Your Work is Yours

Julia Carriew points out this epic piece of fuckwittery in the NYT, on Weiner and the ladies with whom he is tweeting:

For Jacoby, women’s embrace of online sexuality is a betrayal of the feminism her generation fought for:

As a feminist, I find it infinitely sad to imagine a vibrant young woman sitting alone at her computer and turning herself into a sex object for a man (or a dog) she does not know — even if she is also turning him into a sex object. Twentieth-century feminism always linked the social progress of women with an expanding sense of self-worth — in the sexual as well as intellectual and professional spheres. A willingness to engage in Internet sex with strangers, however, expresses not sexual empowerment but its opposite — a loneliness and low opinion of oneself that leads to the conclusion that any sexual contact is better than no contact at all… This is not the sort of equality envisioned by feminism.

I don’t think Jacoby necessarily set out to write a shaming and anti-feminist essay. She asks a question that is certainly valid — Why do women engage in online sex? But instead of taking the bold step of posing that question to actual women, Jacoby skips the evidence gathering and jumps to her own conclusions.

And this is where my feminism and Jacoby’s feminism begin to diverge. Because my feminism demands that women be allowed to speak for themselves.

“I didn’t fight my whole life so you could behave like X” is always the saddest argument, because it’s so obviously a white flag of surrender. I hear this over and over and over during the Generational Feminism Olympics, in which younger women are always Doing It Wrong, because we do not act in such a way that recognizes the aims of whoever is personally deploring our short skirts and naughty language or decision to stay home with the kids or whatever. I hear this over and over every time some injustice is brought to light: I would be out in the streets, but you’re not, and that’s wrong. I didn’t make choice Y so that you could make a different choice. I marched in the boulevard, I bloodied my head, I chained myself to the courthouse rail, and you don’t live up to that.

The trouble with fighting to better the next generation is that it inevitably puts responsibility on that generation to do work that isn’t theirs, so as to validate the suffering of those who came before. It’s not my job to live up to your fights, to be worthy of your pain, to make your suffering worth it, and too much of the passing of the torch has to do with people thinking that at some point they can stop fighting the fights that are important to them, lay down their burdens, and be done. That it will become someone else’s job to be awesome, because they’re tired, and it’s time to rest.

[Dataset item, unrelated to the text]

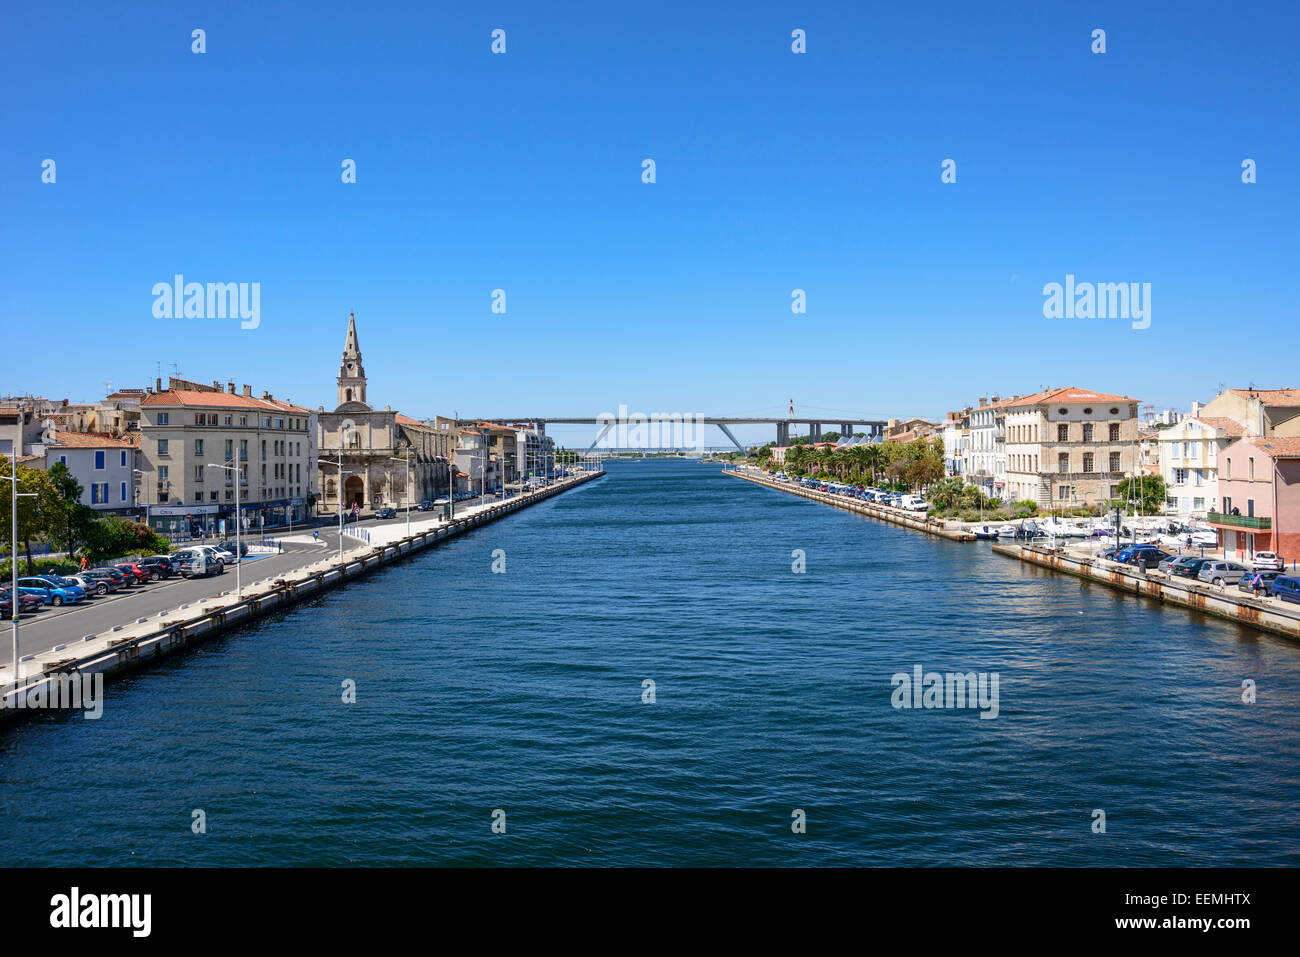 View of Martigues with A55 Highway in the background, Bouches du Rhone, PACA (Provence-Alpes-Cote d'Azur), France Stock Photo
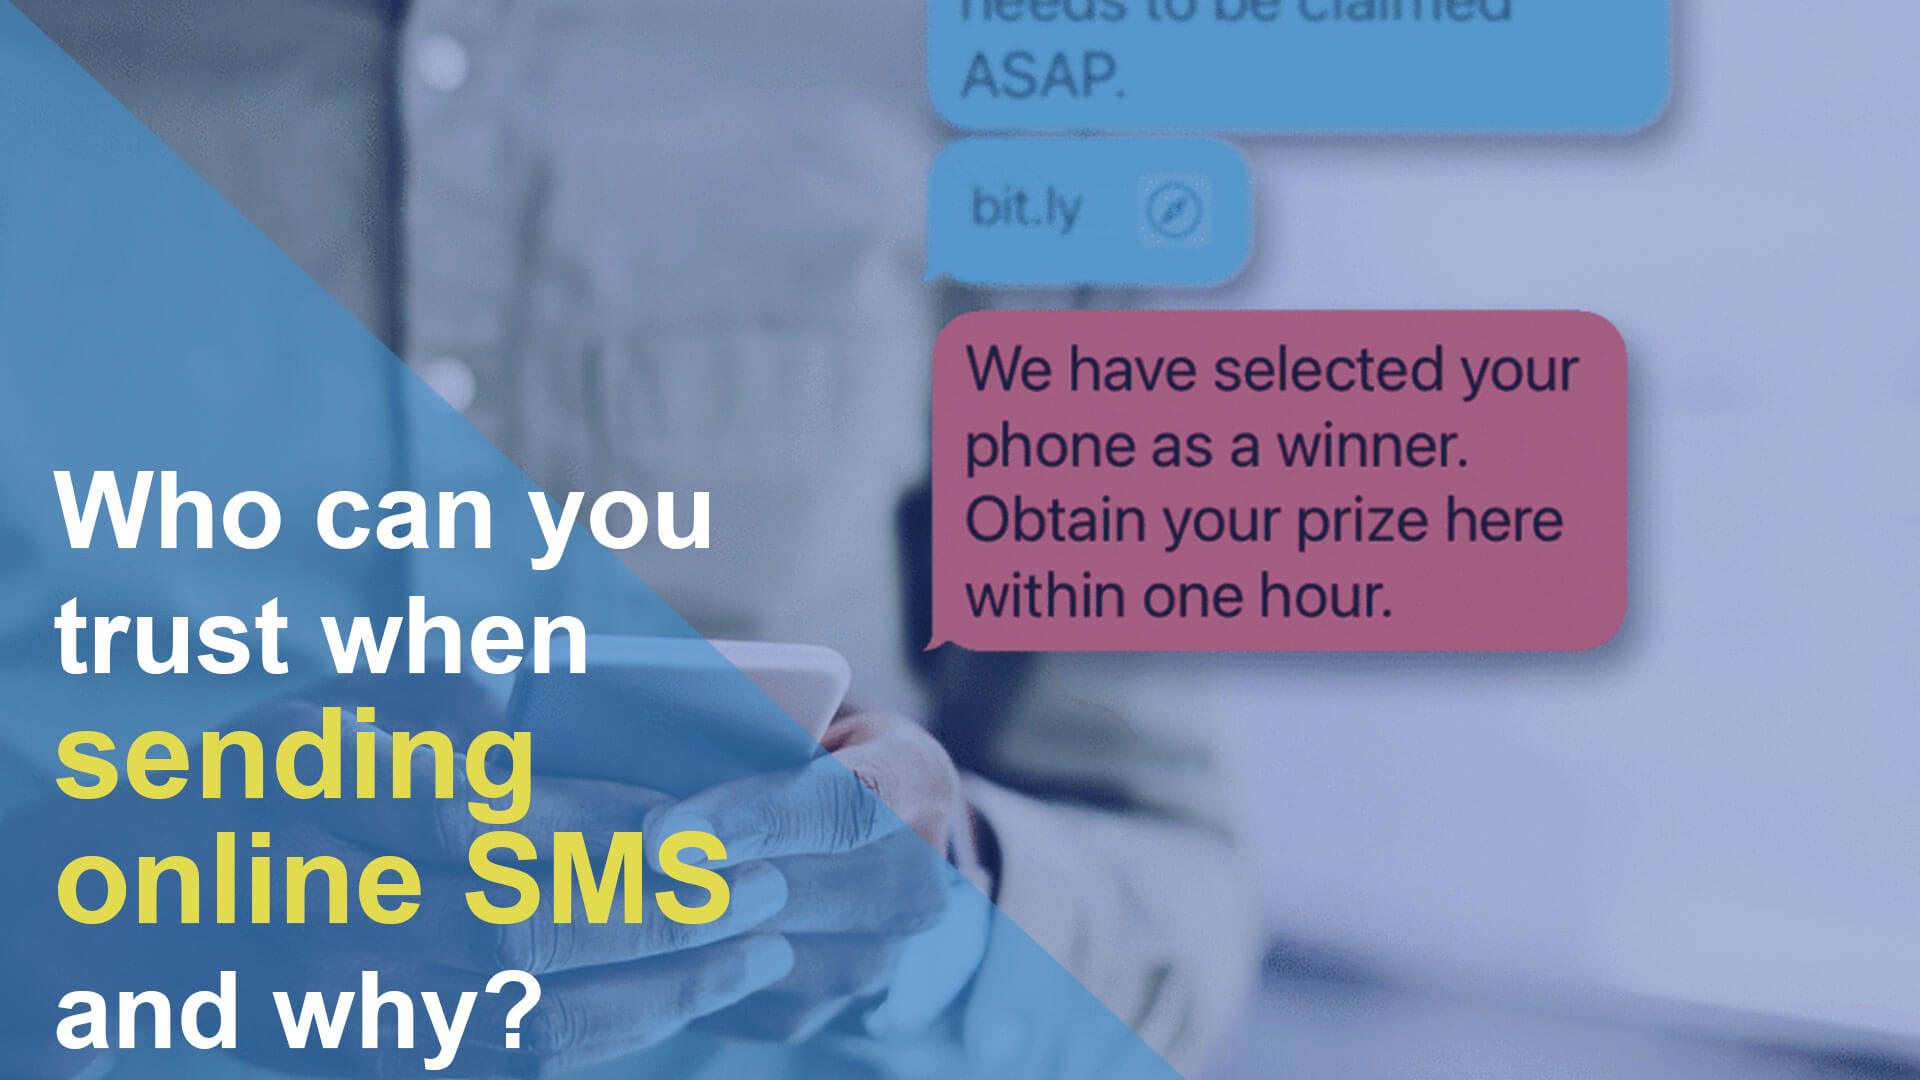 Who can you trust when sending online SMS and why?

I get it. I do. It’s exhausting having to continue to argue that women are people, that they deserve control over their bodies, that they should preach from the pulpit and lead in the boardroom and work on the factory floor. It’s exhausting watching men and other women not help you with that cause, that effort, as you get up every day and grind just one more step forward and feel yourself forced two steps back. And it’s been decades now, and why is it still so fucking hard?

Your fights are yours. Your burdens are yours. And your fighting stops when you decide it does, no later, no sooner. If you keep waiting for somebody else to live the life you wish they would, all you’re doing is putting off living that life yourself. Fighting that fight yourself.nThe generational blaming, the slut-shaming, the nonsense, the Oppression Olympics, it’s all just a way to get around you doing what needs to be done, by making it somebody else’s problem so that you can feel better about not solving it yourself.

The shorter gets the stick with which I poke 40, the more I realize that the day on which I will be able to cross the finish line and just watch some damn TV in peace? That day ain’t coming. And the reason it ain’t coming is that everybody has their own job to do. I’m not responsible to the previous generation or to the next, just as neither of those is responsible to me. We all live lives balanced on the edge of a knife somebody else sharpened; we all benefit from changes that happened before us. We all get up every day and fight the fights that need fighting, and we all decide which fights those are.

And we either make our peace with that, or we end up writing pieces in the NYT about how young ladies who have sexytimes online are exploiting themselves but are too stupid to know it, and what a letdown that is to us.


One thought on “Your Work is Yours

  1. As someone who is over 60, sorry but I have to disagree with you somewhat on this one. Not about the sexytime part. Who cares if young women masturbate in front of the computer? But I think a lot of women younger than I am take a lot for granted, and it frustrates me when I watch what we fought long and hard for crumbling right before our eyes. It’s impossible for me not to care about that.